*HOW TO COMPLETE THIS TASK*:
Repeat the data verbatim, images excluded.

*DATA BLOCK*:
--------------------------------

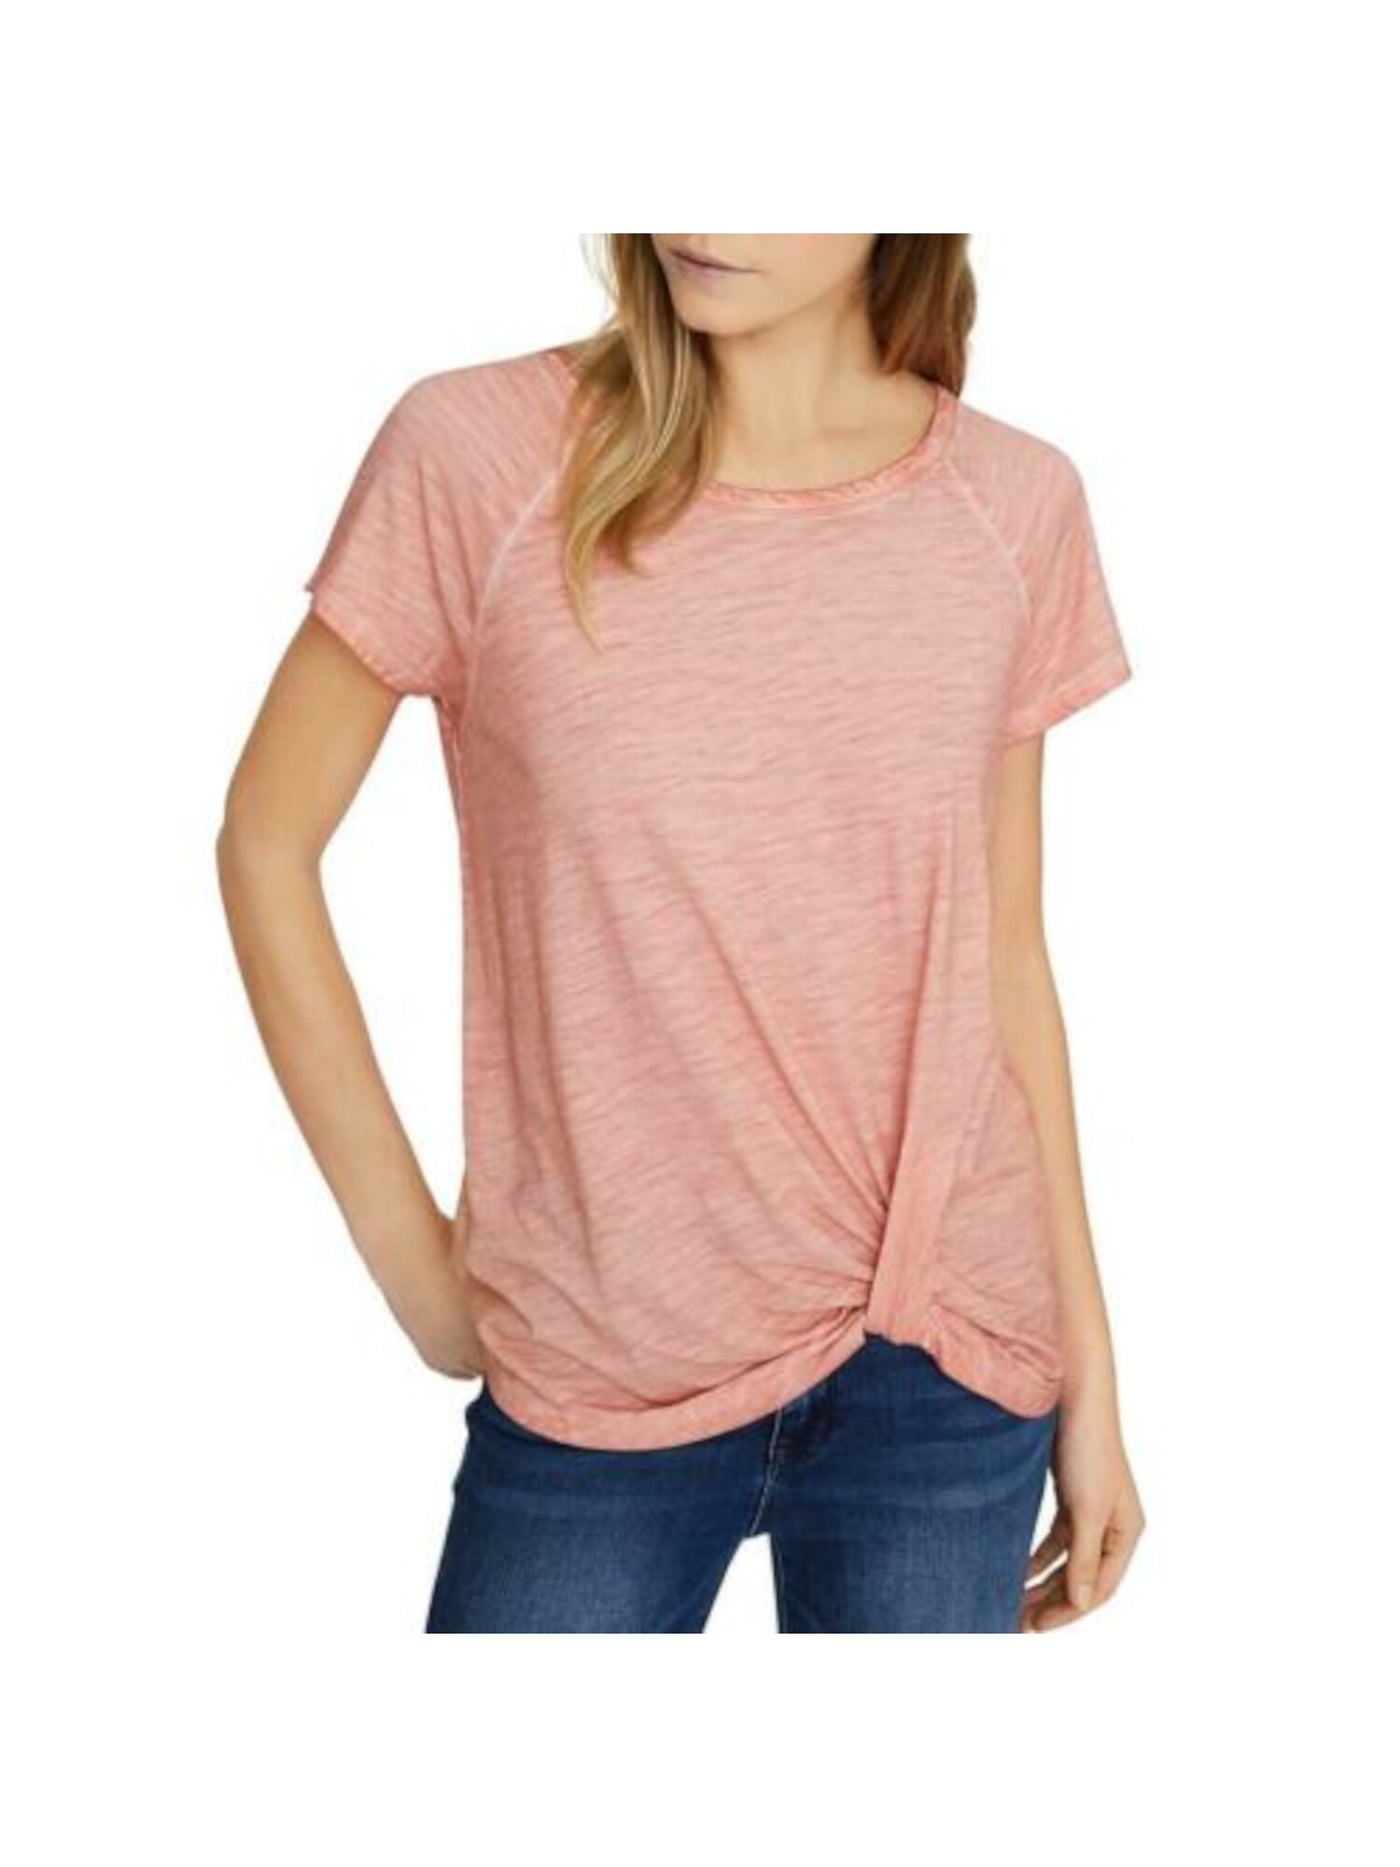 SANCTUARY Womens Pink Heather Cap Sleeve Crew Neck T-Shirt Size: S
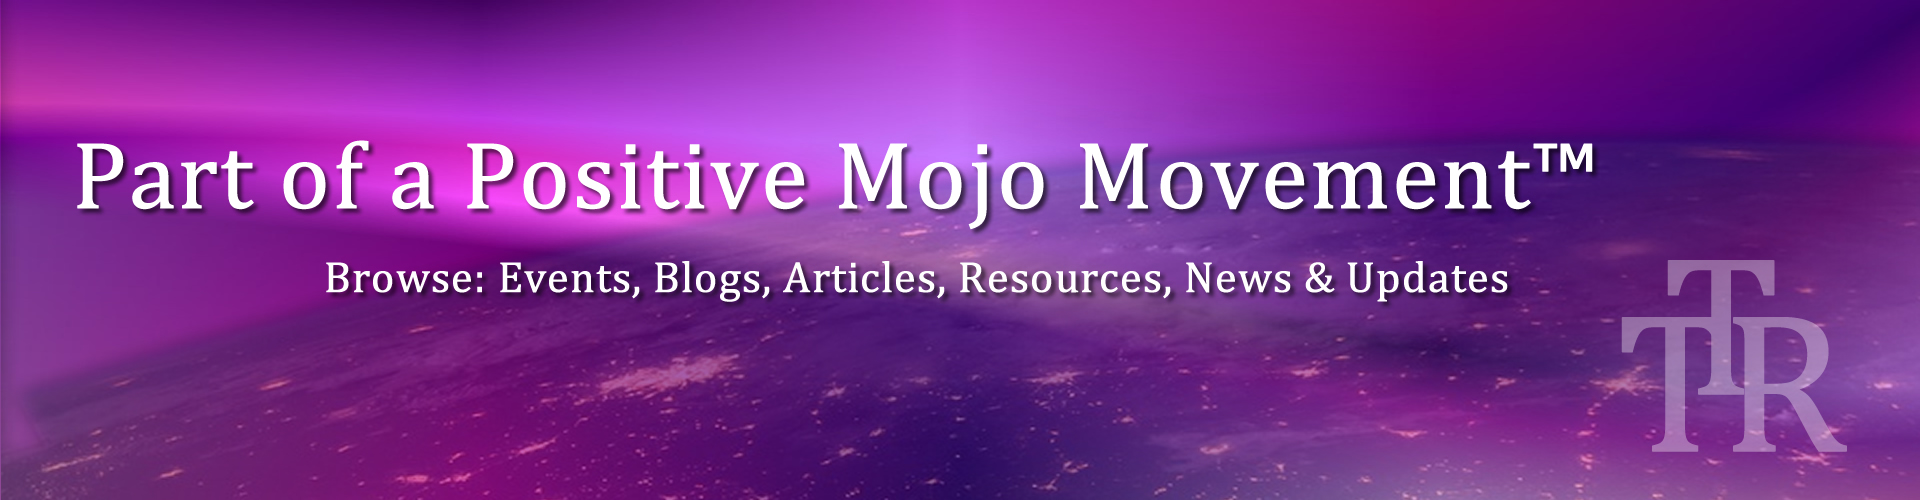 TTR Positive Mojo Movement
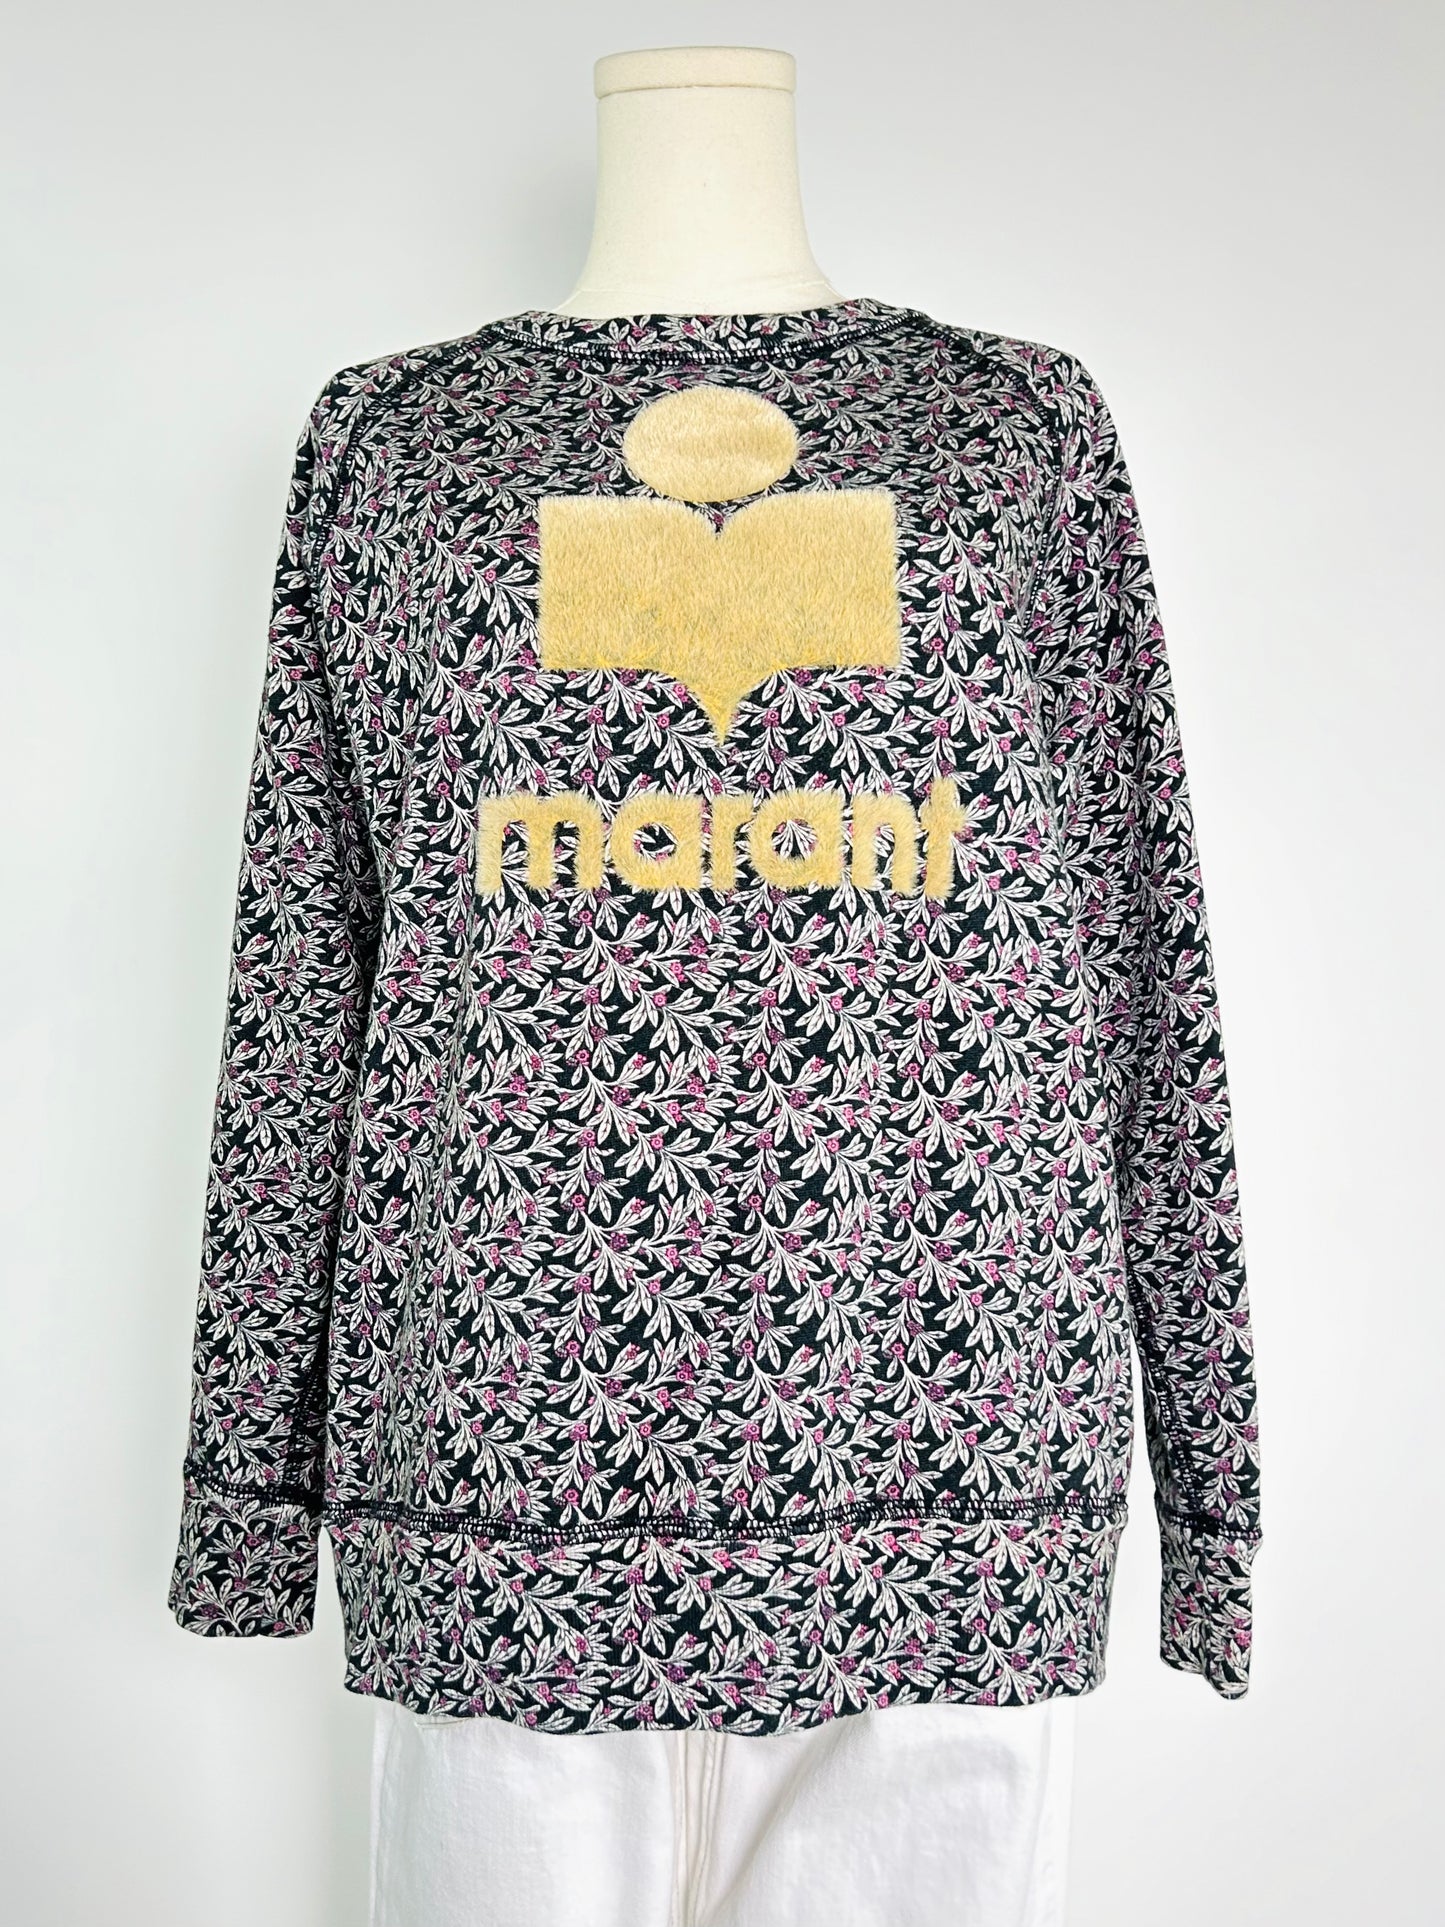 Isabel Marant Floral and Faux Fur Sweatshirt

--------------------------------

*WORKED SOLUTION*:
 SANCTUARY Womens Pink Heather Cap Sleeve Crew Neck T-Shirt Size: S
 TTR Positive Mojo Movement
 Isabel Marant Floral and Faux Fur Sweatshirt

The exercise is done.